I completely failed! (no surprise) - and we now live in statto world; where people with some kind of numerical expertise are regarded as experts on everything - especially so regarded by them-selves!

In scientific reality (a world that has all-but disappeared) statistics are used almost entirely to clarify by summary a large quantity of data, so that it can be grasped and understood by somebody who understands the subject. But when somebody does not understand the subject (and especially when they are not truly interested in knowing the truth about it - but have some other agenda) they make truly immense mistakes, with total confidence and a stubborn inability to acknowledge their errors.

Truthful knowledge of a subject is what lets us know what numbers are relevant to an issue, and what (the vast bulk of them) are Not relevant. Shall I give you an example?


It relates to the current birdemic. Given that the death rate is so very low and the bodies stubbornly refuse to pile-up; the entire rationale for the global totalitarian takeover is to stop the limited supply of intensive therapy facilities being overwhelmed.

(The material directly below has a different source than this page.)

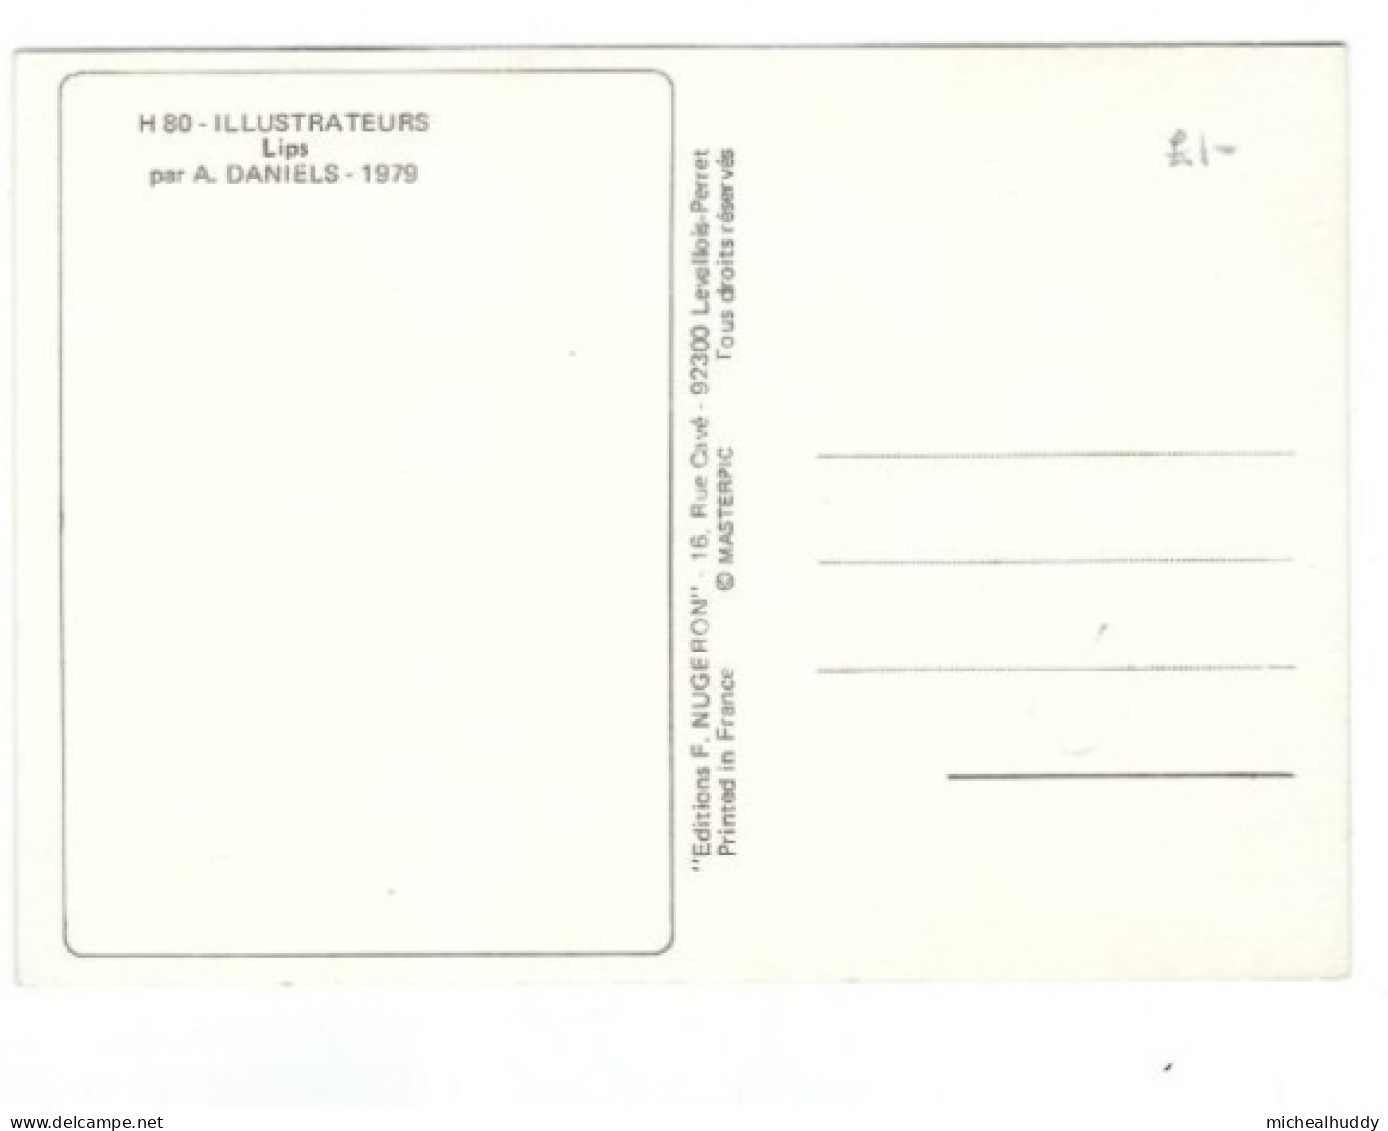 PUBL BY EDITIONS NUGERON  ILLUSTRATEURS SERIES  LIPS BY A DANIELS  CARD NO H 80 - Contemporain (à Partir De 1950)

Yet the birdemic is lethal almost-only to the old and infirm; especially the very old and/or very infirm - and such people would not (in normal, good, medical practice) be put into ITUs on ventilators - because 'their time has come'.

We all will die, and most of us would prefer a good death, but ventilated death under IT is a Bad death - bad for the patient and the family and loved ones. It is also futile, as confirmed by eye witness accounts that almost everybody put onto a ventilator for the birdemic dies anyway.

Assuming these reports really are facts (which I don't know for sure, because so much of the truth is being withheld and spun) there is Not going to be a shortage of rare intensive therapy facilities unless such a shortage is artificially-created by treating people who would not, and should not, be treated under normal conditions of humane medical practice.

(Also, pragmatically - if (in an insane world) old, multiply sick people with upper respiratory tract infections were to be routinely treated; all the ITU facilities in the world always would be full all of the time - and would never treat anyone who might benefit; because URTI in the elderly and multiply-sick is probably the commonest acute cause of death in the world.)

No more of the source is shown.